分類についしじみ漁業が水質浄化に果たす役割
湖沼の富栄養化の原因は陸域から栄養塩の窒素、リンが湖内に流入し、植物プランクトンがその窒素、リンをとり込み、異常繁殖することに起因しています。
ヤマトシジミはその植物プランクトンを餌として体内に取り込みます。そのヤマトシジミを漁獲することは、栄養塩の窒素、リンを湖から取り除くことになります。
私の試算ではシジミ漁業による湖から窒素の系外への持ち出し量は1日に約200kg、1年では73トンもの大量の窒素が湖から外へ除去されていることになります。
一般的に、富栄養化の原因である窒素やリンが湖に流入するのを防ぐためには、下水処理場など大規模な設備と莫大な費用が必要です。
また、一度湖に流入した窒素やリンを除去する有効な手段は今のところありません。
しかし、シジミ漁業は産業として成り立つばかりでなく、宍道湖の水質を浄化するという素晴らしい役割を果たしていますが、この事実は意外と知られていません。
しじみの濾過作用により水質を浄化する役割
さらに、ヤマトシジミは入水管から水を吸い込み水中の植物プランクトンを主とした懸濁物をエラで濾過し、餌として体内に取り込みます。1gのシジミ1個が入水管から1時間に170ミリリットルもの水を取り入れます。
つまり、宍道湖の3.1万トンのシジミは1時間に53億リットルの水を濾過することになり、3日間で宍道湖の水を全部濾過する計算になります。したがって宍道湖の水を濾過することによって水の透明度など高くなり、宍道湖の水質浄化に大いに役立っています。

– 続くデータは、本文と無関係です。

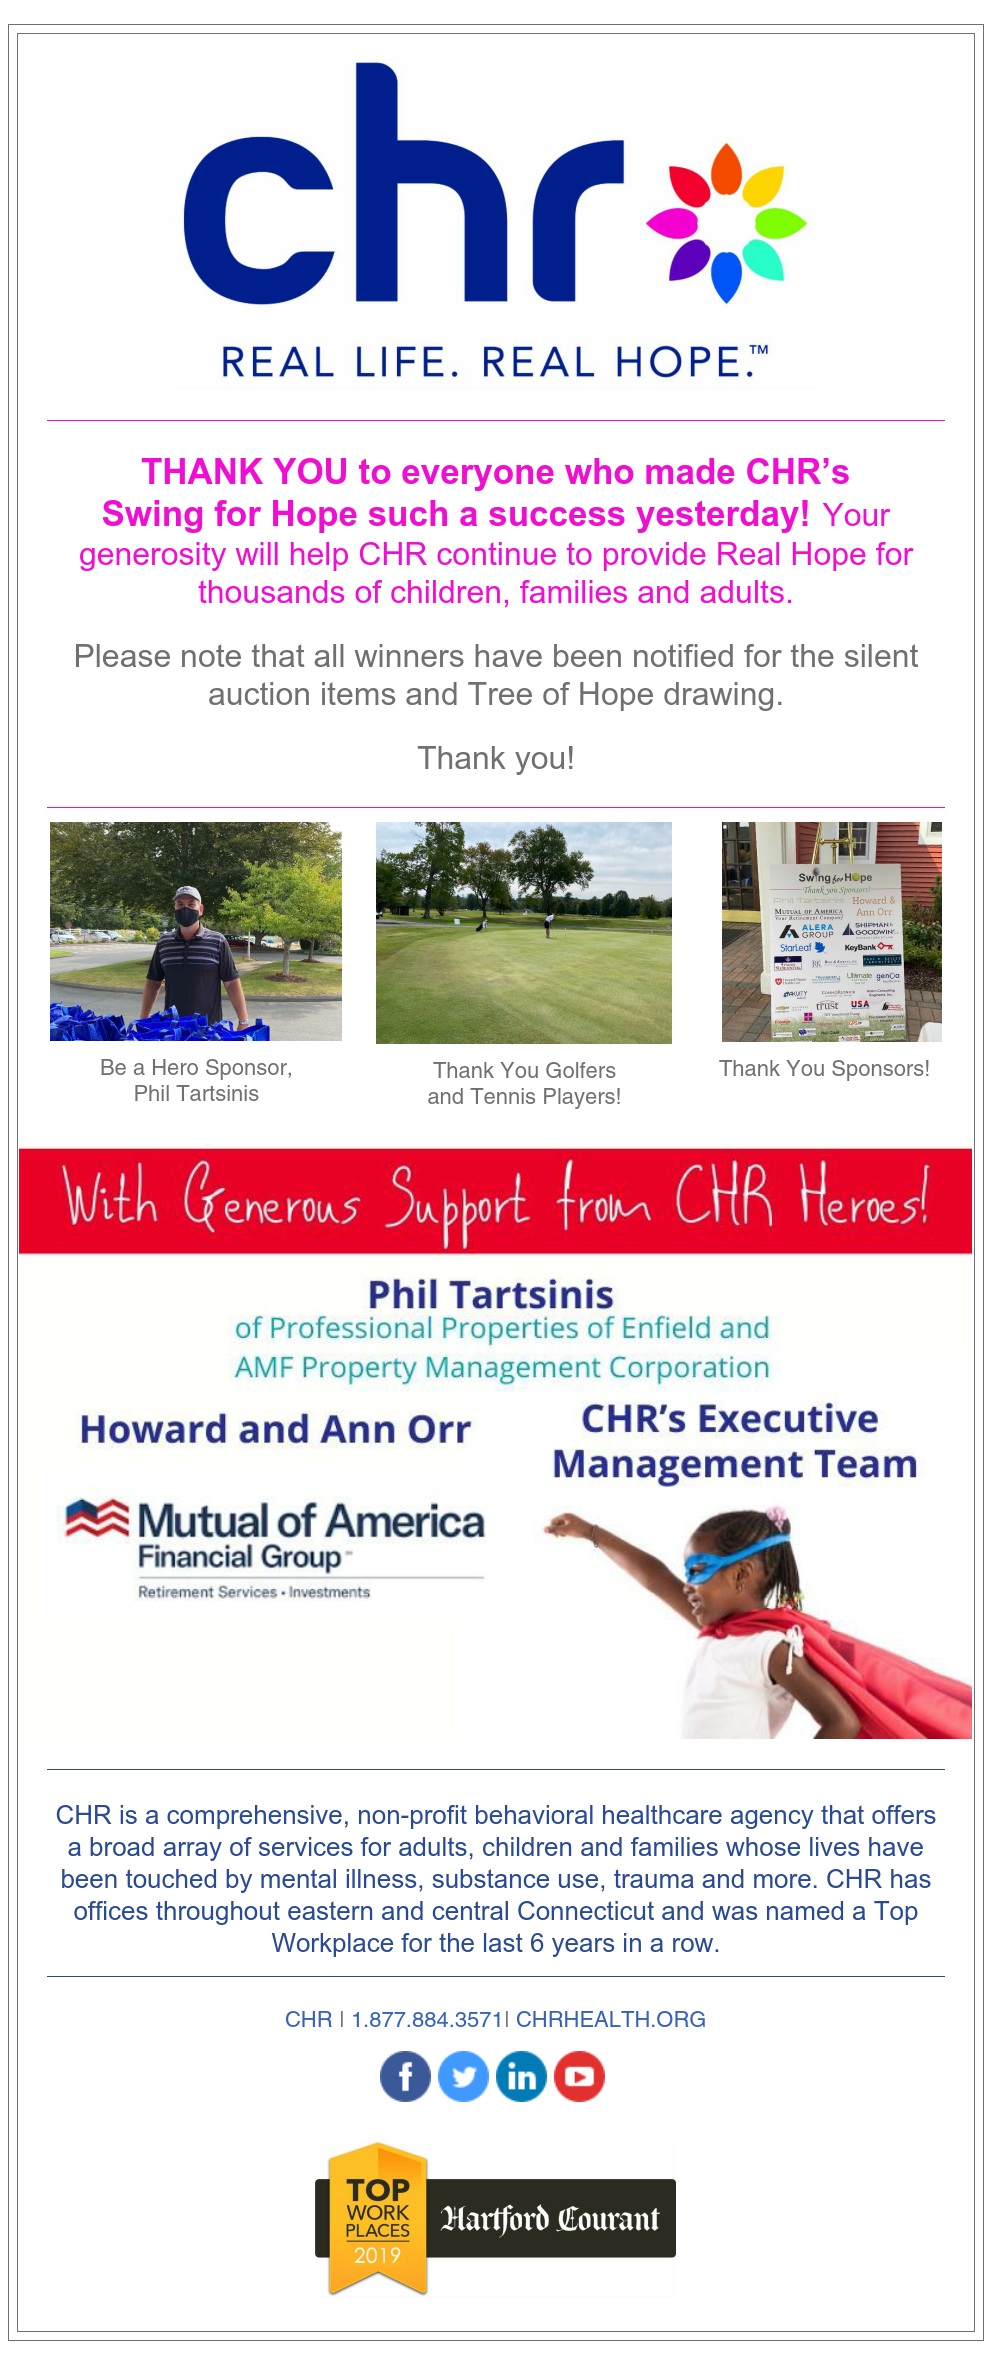 THANK YOU to everyone who made CHR’s Swing for Hope such a success yesterday! 

例えば次の様な実験をするとその濾過作用を実感できます。
植物プランクトンが繁殖し青くなった水を水槽に入れ、その中にシジミを入れると、数時間後にはシジミの濾過作用によって水が透明になります。
ヤマトシジミの漁業による栄養塩の系外への持ち出し、ヤマトシジミ濾過作用などによってヤマトシジミが宍道湖の水質浄化に実に大きな役割を果たしていることをお分かりいただけたかと思います。